A Comissão de Constituição e Justiça (CCJ) da Câmara dos Deputados aprovou ontem, em votação simbólica, projeto de lei que altera a relação financeira entre o Banco Central e o Tesouro Nacional. A proposta, que deve seguir para sanção presidencial ainda neste ano, põe fim a um modelo alvo de críticas pela baixa transparência e por potencialmente estabelecer mecanismo de financiamento do Tesouro pela autoridade monetária.

         Pelas regras em vigor, quando o Banco Central registra ganhos com suas operações cambiais, eles são automaticamente transferidos ao Tesouro, em dinheiro, e podem ser usados para o pagamento de dívida pública.

         Quando há perdas, elas são cobertas pelo Tesouro por meio de títulos públicos, repassados à carteira do BC. Os valores dos fluxos em ambas as direções são muito voláteis, ainda que similares ao longo do tempo.     Mas como há essa assimetria -- um pagamento é feito em dinheiro e outro, em títulos --, especialistas em contas públicas entendem que o modelo acaba gerando um financiamento implícito do BC ao Tesouro.

         O projeto aprovado determina que, quando o BC apurar ganhos com as posições das reservas internacionais e com derivativos cambiais, eles serão agora destinados a uma reserva, a ser usada para cobrir prejuízos futuros. Esse mecanismo está em linha com as práticas internacionais.

         Se, em um determinado semestre, a reserva não for suficiente para fazer frente às perdas, o BC deve recorrer a títulos de sua carteira, até um determinado limite estabelecido na lei (até que o patrimônio líquido do banco atinja o limite mínimo de 1,5% do ativo total). Apenas se esse limite estiver próximo de ser alcançado, o Tesouro fica obrigado a repassar títulos ao BC, sem contrapartida financeira.

         Como o projeto tramita em caráter conclusivo, será considerado aprovado se não for apresentado um recurso -- subscrito por pelo menos 51 deputados -- em até cinco sessões de plenário.
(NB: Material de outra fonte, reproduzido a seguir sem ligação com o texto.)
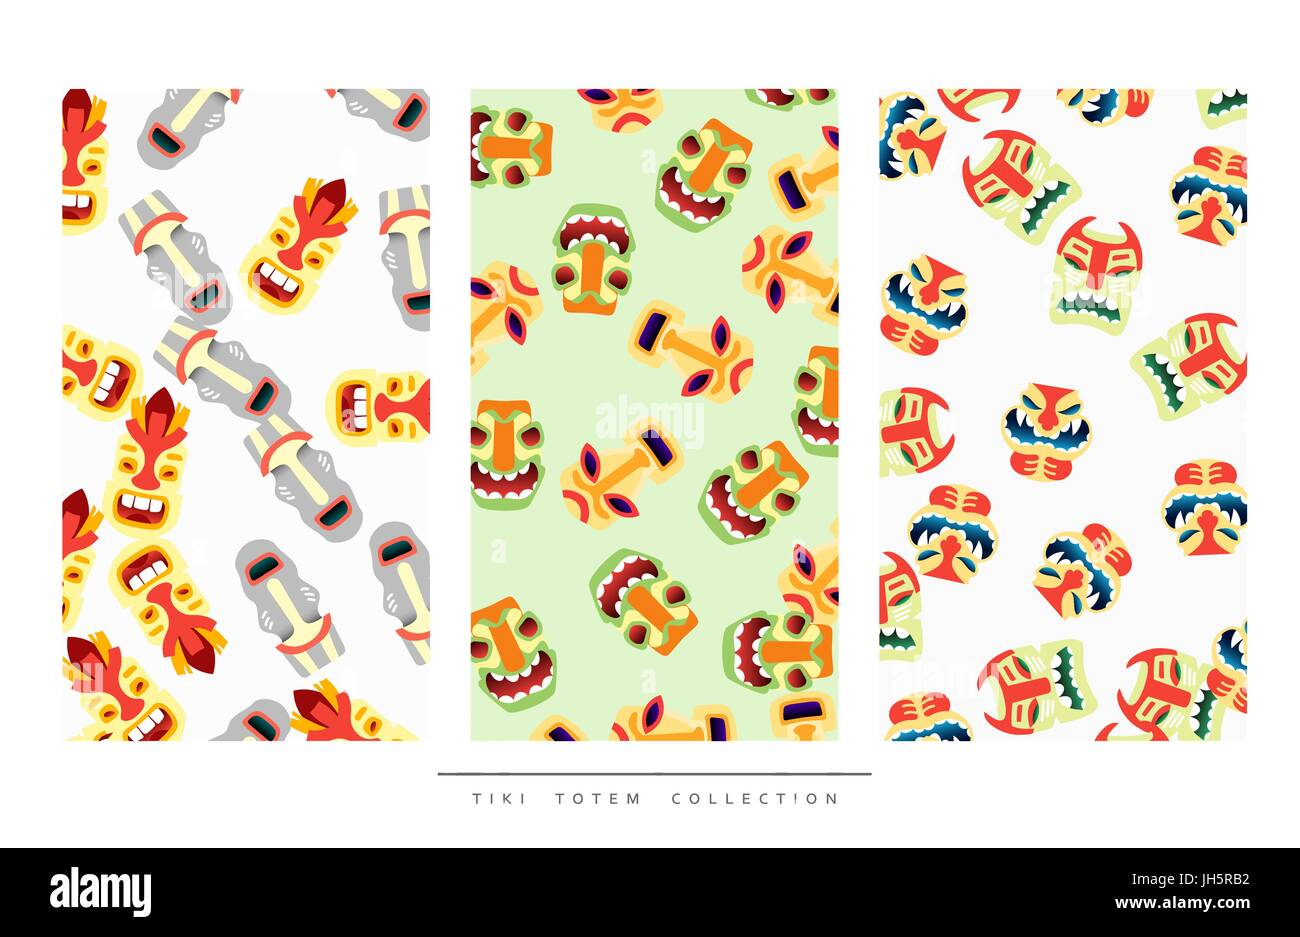 Pattern Tiki Totem in flat style vector illustration - Stock Vector

         É improvável qualquer mobilização nesse sentido, já que a proposta foi aprovada por unanimidade em todas as comissões da Câmara. Após esse prazo, se não houver recurso, o texto será encaminhado à sanção.

         "Parece-nos evidente a falta de sentido em se manter um relacionamento financeiro tão volátil (e imprevisível) entre o Tesouro Nacional e BC, principalmente se considerarmos que os efeitos expansivos de elevadas transferências na restrição orçamentária do governo têm impactos nocivos também na política monetária", disse o relator do projeto, deputado Pauderney Avelino (DEM-AM).

         As operações cambiais do BC abarcam os swaps cambiais e também, com maior peso, a variação do valor das reservas, em reais, resultante das oscilações do câmbio. A disfunção da regra atual é amplificada pelo volume elevado das reservas internacionais, que somam atualmente cerca de US$ 382 bilhões.

         Os ganhos e perdas registrados com esses ativos são, em sua maior parte, apenas contábeis, já que o BC não realiza esses resultados por meio da venda e compra de reservas. Ainda assim, geram fluxos expressivos.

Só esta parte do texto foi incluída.